Task objective » Set down each entry as it stands. Skip the pictures.

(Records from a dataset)
=== Section Start ===

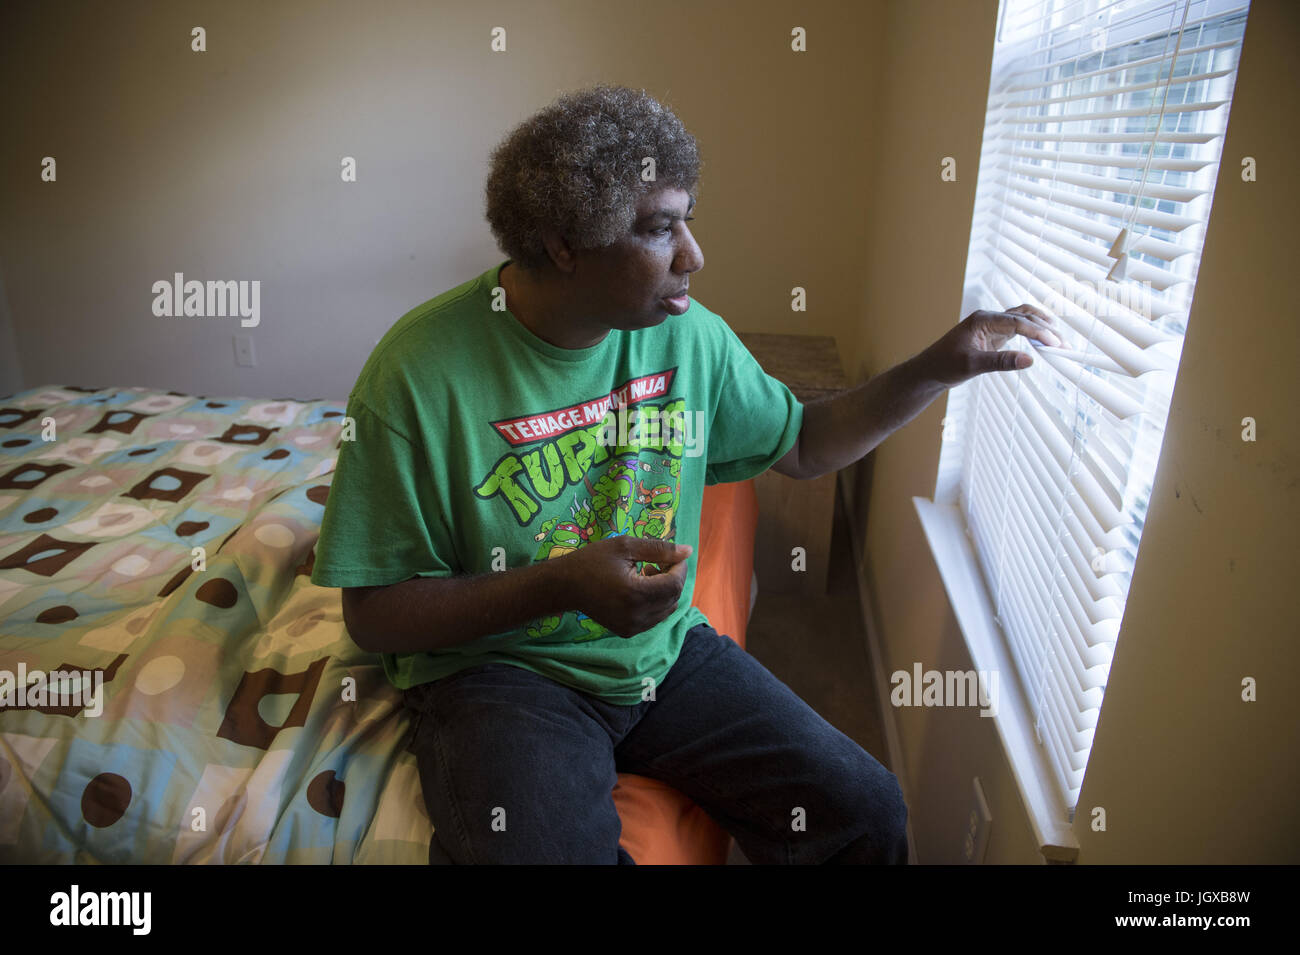 Athens, GA, USA. 13th Oct, 2014. Perry Hendricks gazes out window from his private bedroom at his duplex apartment. He is supported by staff from the Georgia Options non-profit organization that helps individuals with developmental disabilities live independently, with funding from their Medicaid waivers. Perry lived in state institutions for decades before transitioning to his own home. Credit: Robin Rayne Nelson/ZUMA Wire/Alamy Live News Stock Photo
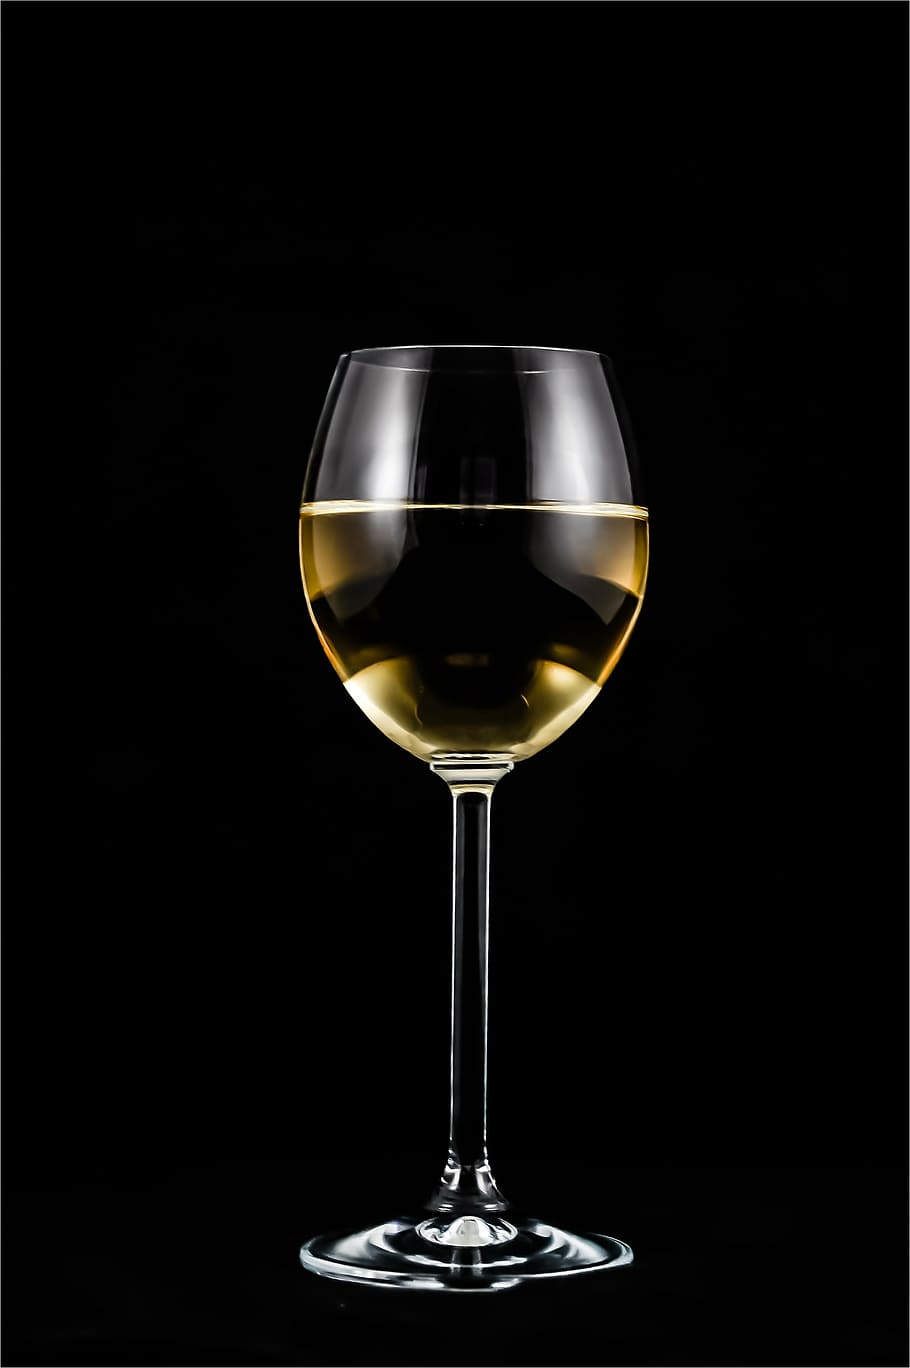 photograph, glass, white, black, background, a glass of wine, wine, alcohol, wedding, a glass of
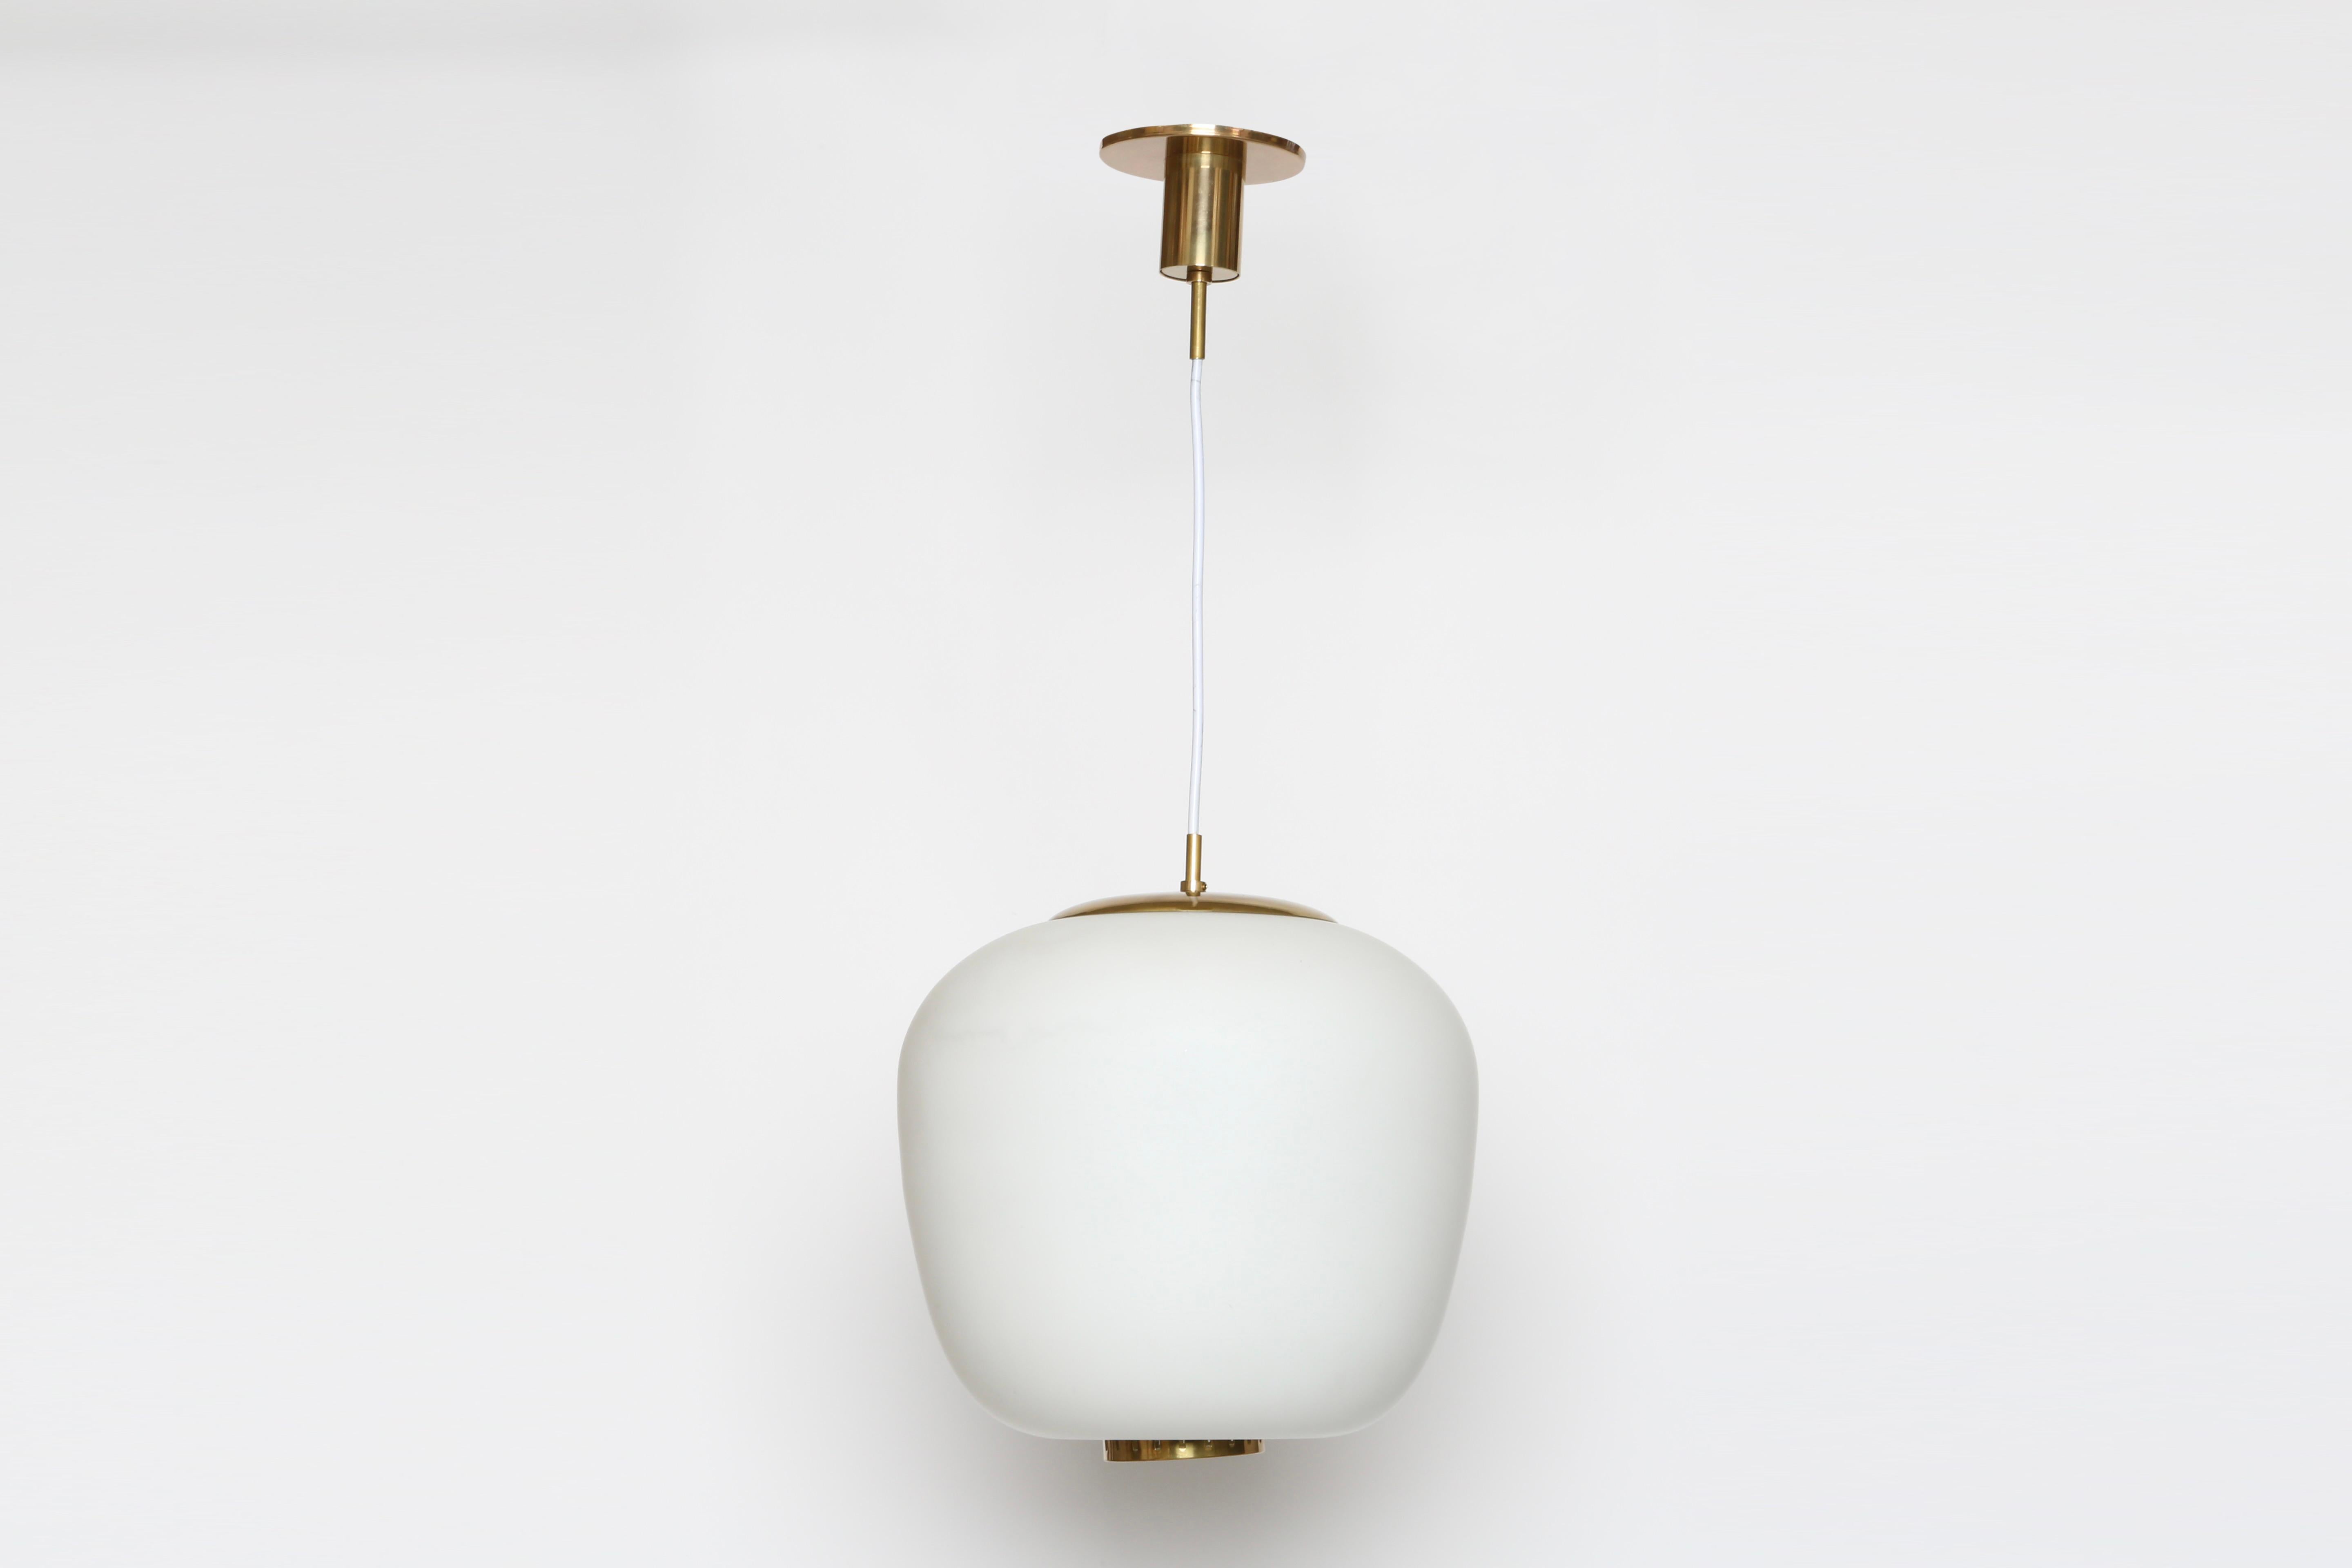 Stilnovo ceiling pendant
Designed and made in Italy, 1960s
Opaline glass, textured glass diffuser.
Rewired for US.
Takes one medium base bulb. 
Overall drop is adjustable.
Height of the glass is 13.5 inches.
Beautifully refinished brass.
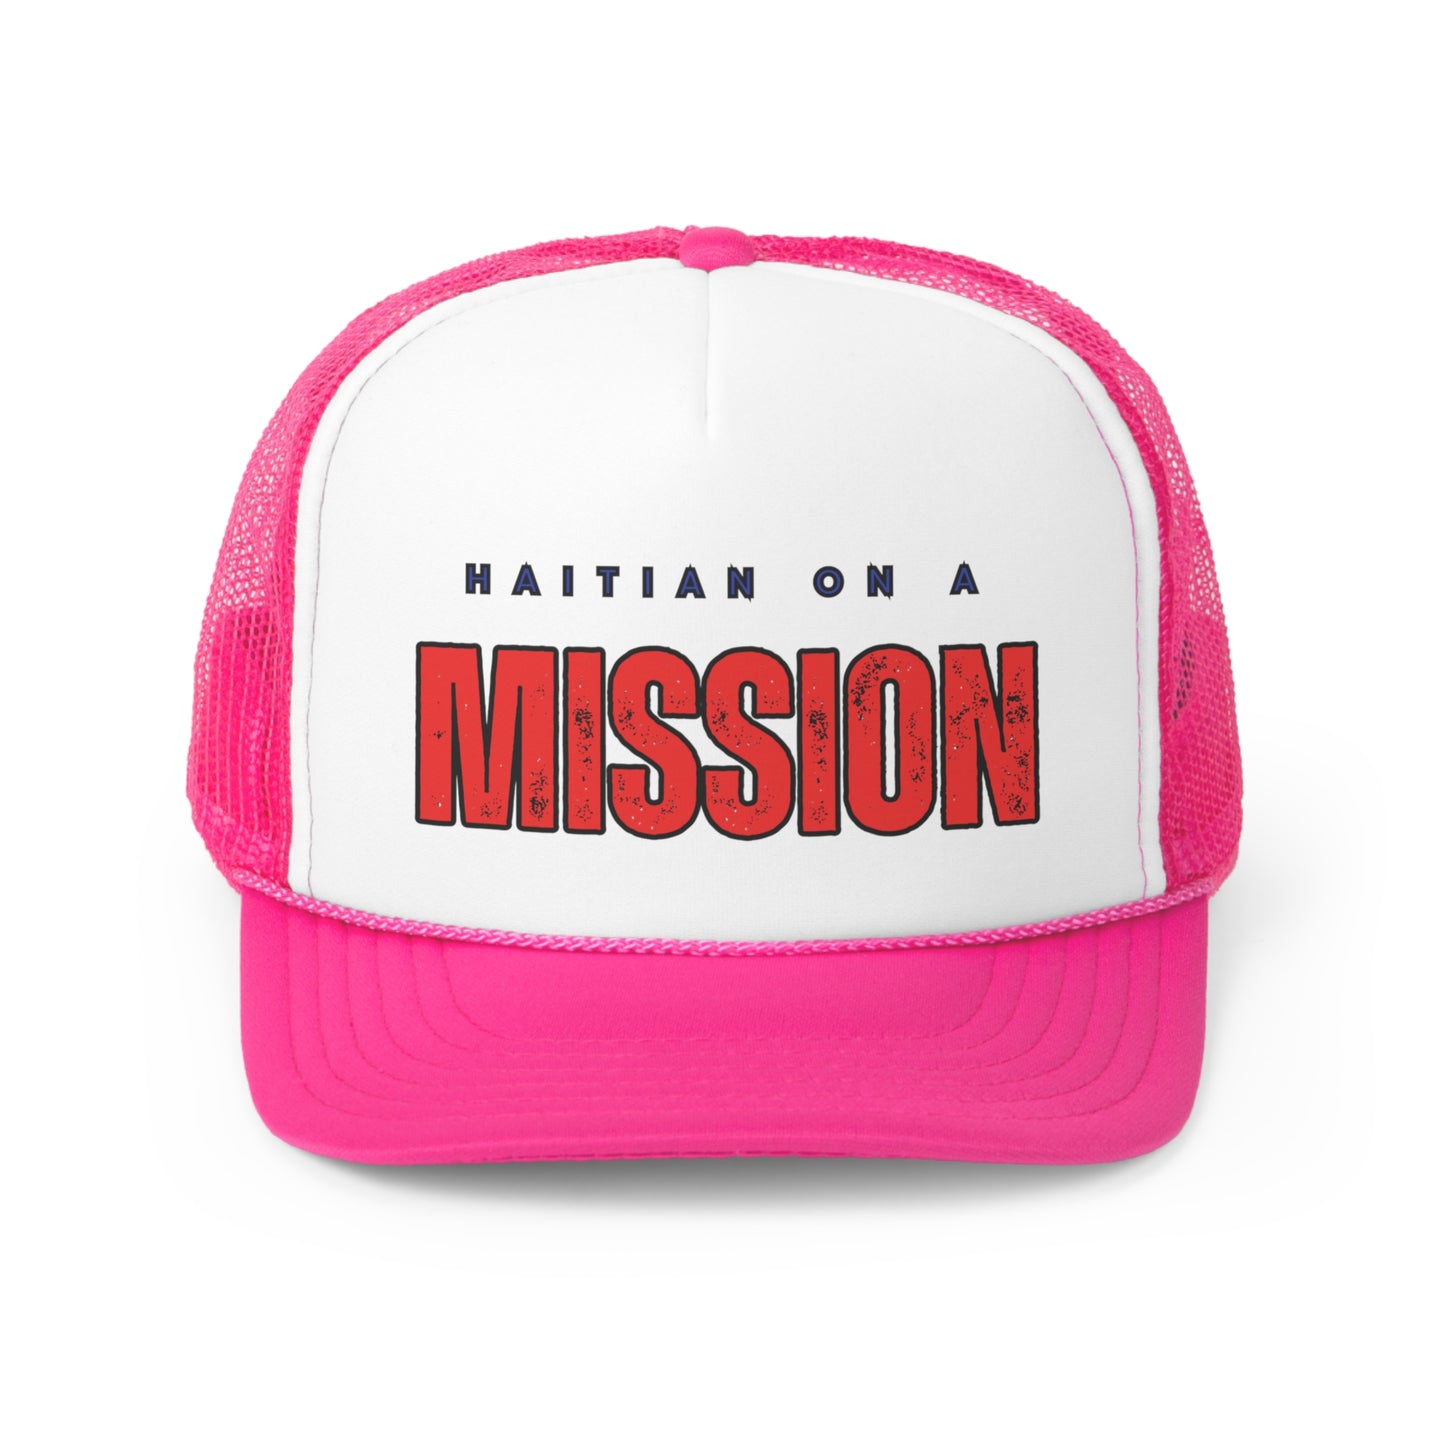 Haitian on a Mission Trucker Caps

=== Section End ===

Exercise solution »
 Athens, GA, USA. 13th Oct, 2014. Perry Hendricks gazes out window from his private bedroom at his duplex apartment. He is supported by staff from the Georgia Options non-profit organization that helps individuals with developmental disabilities live independently, with funding from their Medicaid waivers. Perry lived in state institutions for decades before transitioning to his own home. Credit: Robin Rayne Nelson/ZUMA Wire/Alamy Live News Stock Photo
 photograph, glass, white, black, background, a glass of wine, wine, alcohol, wedding, a glass of
 Stilnovo ceiling pendant
Designed and made in Italy, 1960s
Opaline glass, textured glass diffuser.
Rewired for US.
Takes one medium base bulb. 
Overall drop is adjustable.
Height of the glass is 13.5 inches.
Beautifully refinished brass.
 Haitian on a Mission Trucker Caps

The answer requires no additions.